Yılmaz, Türkiye Cumhuriyeti olarak Suriyelilerin yayında olduklarını ve dayanışmayı devam ettireceklerini belirterek, "Bir taraftan Türkiye'ye dönük terörün tehditlerini engellerken, bununla mücadele ederken diğer taraftan Suriye'nin yeniden inşası ve ekonomisiyle siyasetiyle güven ortamında insanların yaşadığı bir coğrafyaya dönüşmesi konusunda her türlü gayreti sarf edeceğiz.
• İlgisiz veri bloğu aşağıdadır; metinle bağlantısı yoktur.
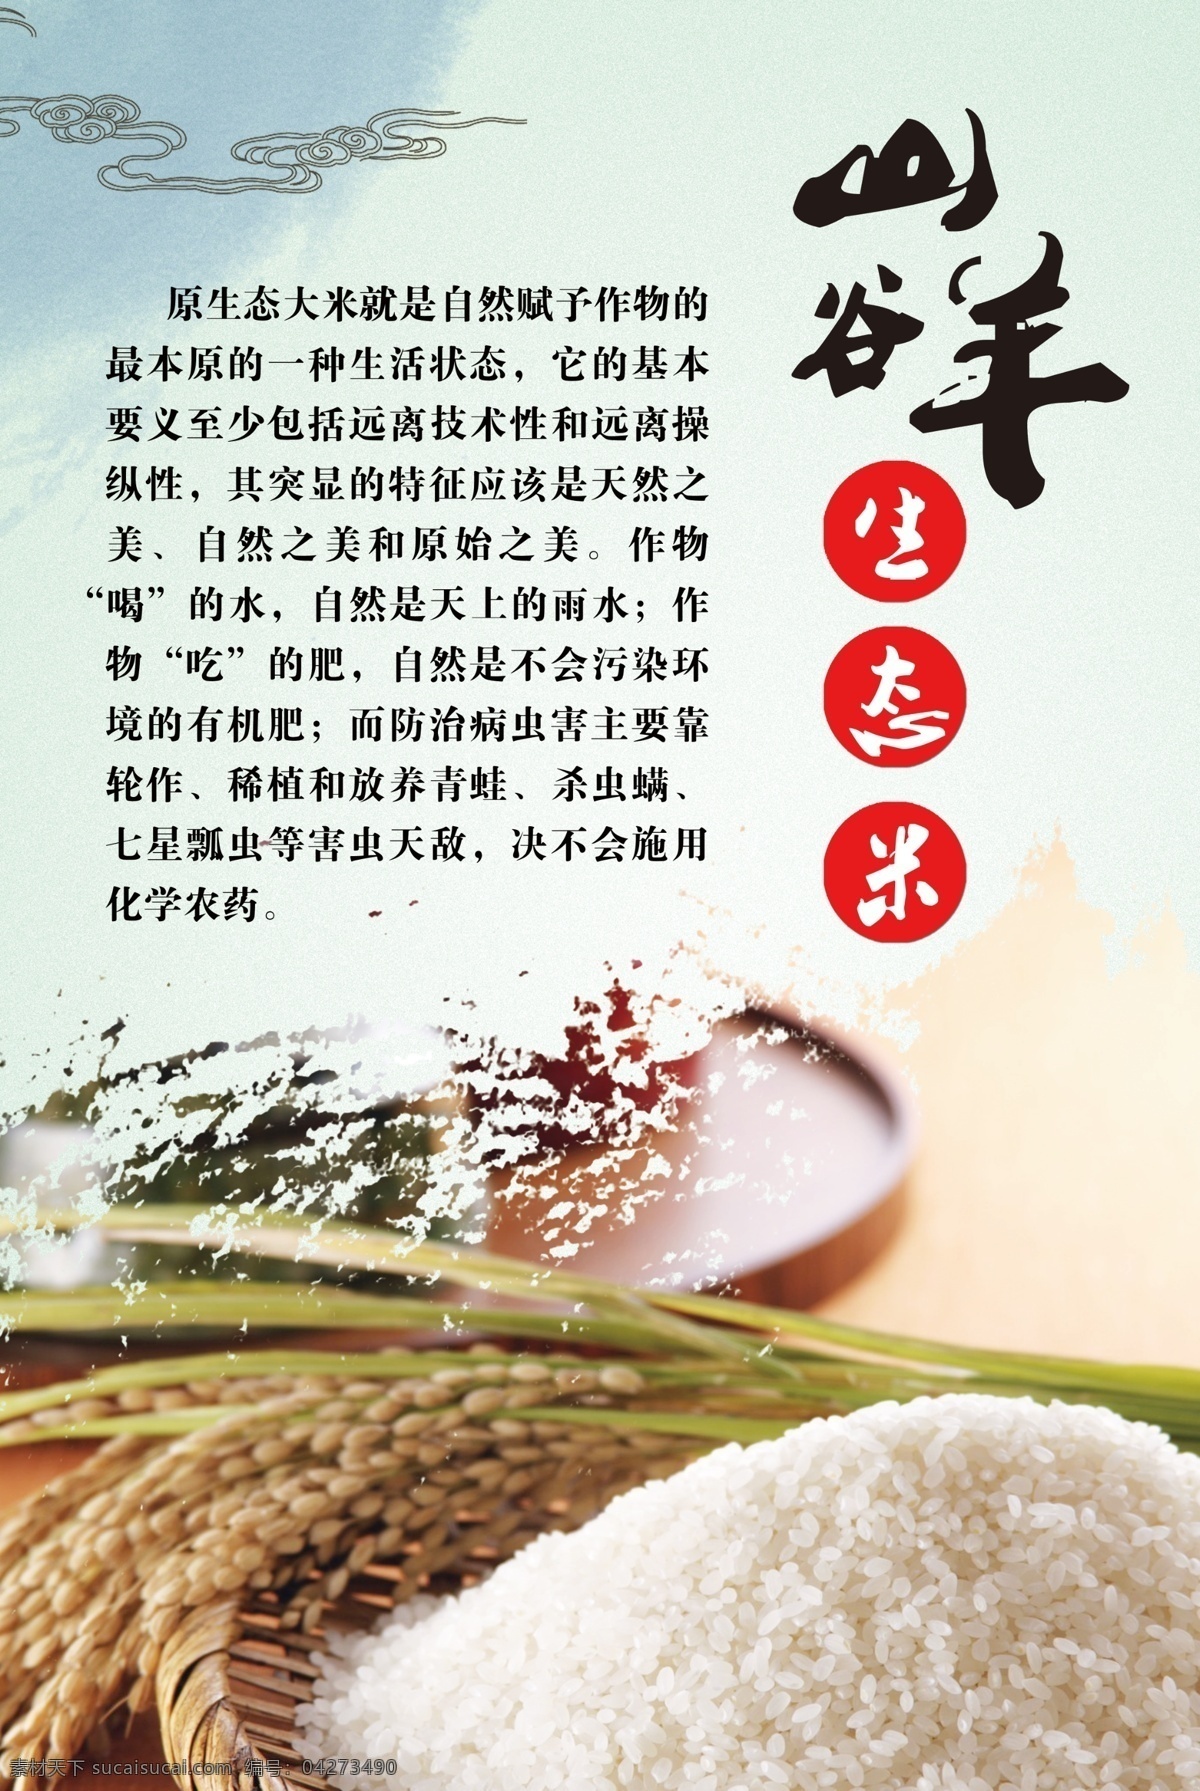 生态米 大米 种植 农业 海报

Bir yandan da bu ortamda uzun zamandır Türkiye'de yaşayan Suriyeli kardeşlerimizin güvenli, onurlu bir şekilde ülkelerine geri dönüşleri noktasında da gerekli ortamın oluşacağına inanıyorum. Bu kardeşlerimizin Türkiye ile Suriye arasında gelecekte çok daha güçlü bağların oluşturulmasına, devam etmesine de büyük katkılar sunacağına yine yürekten inanıyorum. İnşallah coğrafyamız çok daha huzurlu, çok daha güvenli bir hale gelecek. Buna hep birlikte katkı sunmak durumundayız." ifadelerini kullandı.


"İNSAN ODAKLI BİR YAPAY ZEKA ANLAYIŞINI BENİMSEMEK İNSANLIK İÇİN BİR ZORUNLULUKTUR"

Uluslararası anlaşmalar ve çalışmalara değinen Yılmaz, "Türkiye olarak, yapay zekanın sosyoekonomik hayatta etik ve sorumlu kullanımını temel politikalarımızdan biri haline getirerek, bu alandaki rehber ve araçların geliştirilmesi çalışmalarımızı hızla sürdürüyoruz." dedi.


Etik ve sorumlu yapay zeka kullanımı için yürütülen ulusal ve uluslararası çabaların Stratcom Summit 24'ün temel misyonuyla birebir örtüştüğünü dile getiren Yılmaz, forumun bu çerçevede çok anlamlı olduğunu söyledi.


Yılmaz, "İnsan odaklı bir yapay zeka anlayışını benimsemek ve bu anlayışı etik değerlerle harmanlamak, yalnızca bir tercih değil, insanlık için bir zorunluluktur. Bugün burada gerçekleştirilen tartışmalar, bu ortak hedefe ulaşmamız için kritik bir adım olacaktır." şeklinde konuştu.